Pomeroy (/ˈpʌmrɔɪ/ PUM-roy) is a village in Meigs County, Ohio, United States, and its county seat. It lies along the Ohio River about 21 mi south of Athens. The population was 1,573 at the 2020 census.

==History==
Pomeroy was founded in 1804 and named for landowner Samuel Pomeroy. The village was incorporated in 1840, and designated county seat in 1841.

===Settlement and economic development ===

The earliest history of Pomeroy begins with the arrival of Samuel Ervin at what is now Kerr’s Run in 1806. Coal mining was begun in 1819. In 1821 Josiah Dill opened a tavern there and Nial Nye in 1826 operated a tavern, mill and wharf-boat. In 1827 a town was laid out and named Nyesville.

In 1830 Samuel Wyllys Pomeroy of Massachusetts, arriving by boat from Cincinnati enjoyed the view from the Nye tavern, and the wild turkey, turtle and Ohio River fish. After viewing his coal land purchased in Massachusetts in 1804, and the fertile fields of the county he deemed it “a good healthy place to live, and with proper management a bright industrial future.”

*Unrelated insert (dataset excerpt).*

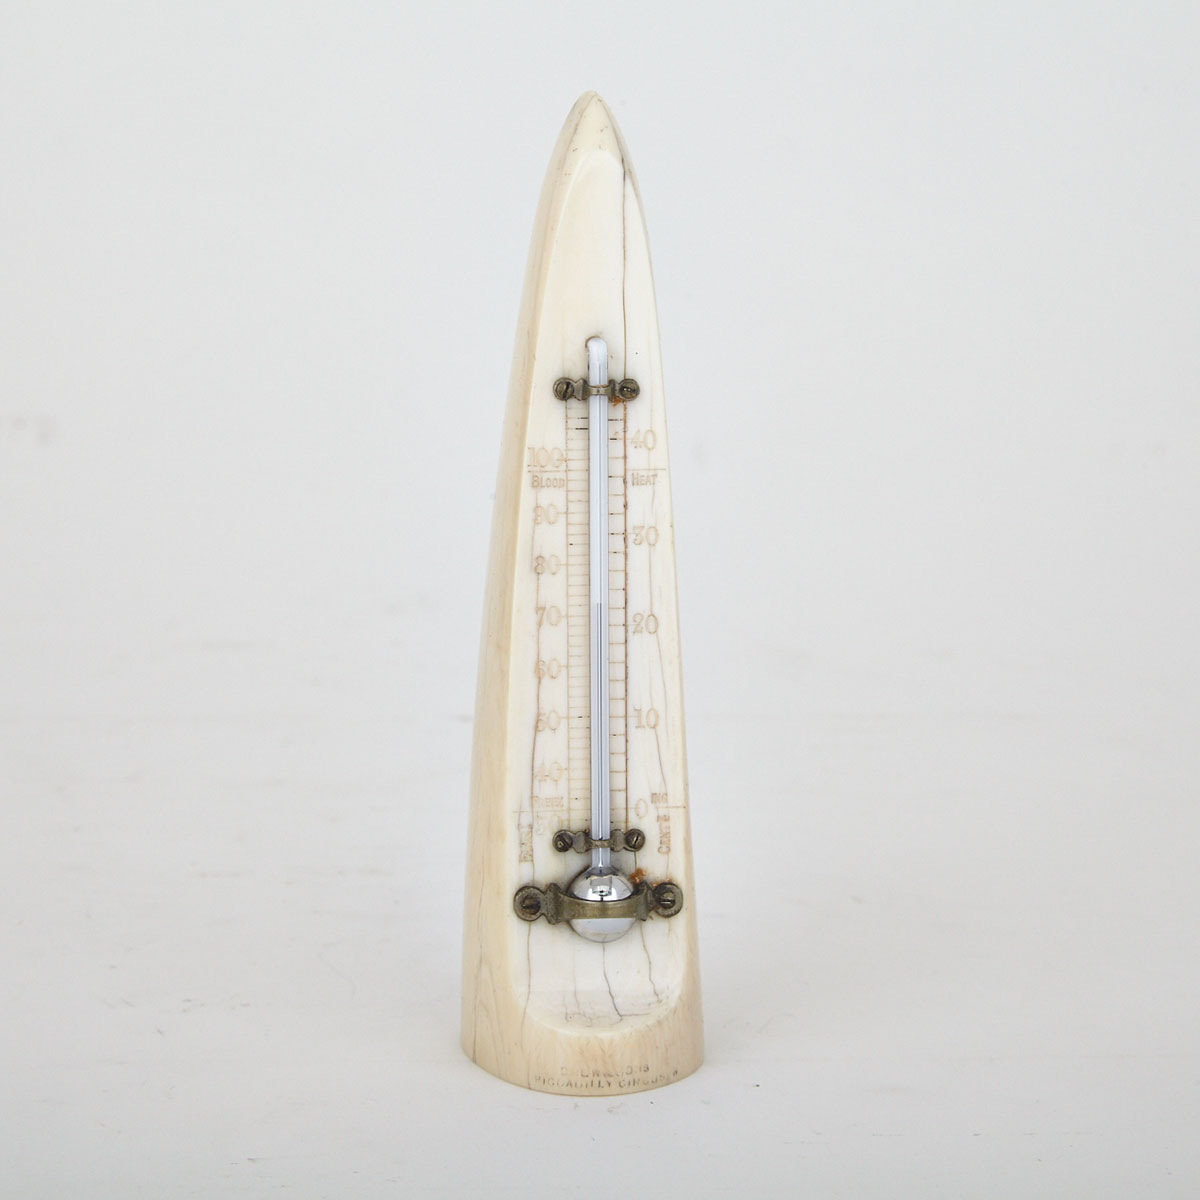 Ivory Tusk Desk Thermometer, Drew & Sons, Piccadilly Circus, 19th century

He established the Pomeroy Son’s Company and sent his son-in-law Valentine B. Horton, to develop coal and other industrial possibilities.

Horton developed the mines, persuaded eastern settlers and those from Germany, Ireland, and Wales to come to Pomeroy to mine the coal; instituted modern methods in mining; developed the transportation of coal by the river, building the first coal barges and in 1836 the first boat (Condor) which was fired by coal instead of wood.

He brought about the incorporation of the village in 1841, and through political maneuvering the removal of the county court from Chester to Pomeroy in the same year.

When salt was discovered in deep wells near the river (1848) he developed the industry, using the local coal to process the salt. Excelsior Salt Co., among many, opened during that period and continued in business until 1975 when the Environmental Protection Agency forced its closing because of high Sulphur coal smoke in the air and the brine polluting the river.

By 1870 Pomeroy, with a population of 5,000, was a prosperous industrial town. River traffic was heavy. There were steel mills, machine shops, a brewery, an organ factory, a buggy & wagon factory, copper shops, tanneries, cobbler shops, jewelry stores, bake shops, meat markets, blacksmith shops, furniture factories, boat builders, millinery shops, monument works, flour mills, livery stables, clothing and grocery stores. A newspaper was published in 1843, the telegraph line came in 1848 and the railroad in 1886: the horse-powered ferry to Mason, WV in 1854 and the steam ferry in 1847. There were doctors, dentists and lawyers.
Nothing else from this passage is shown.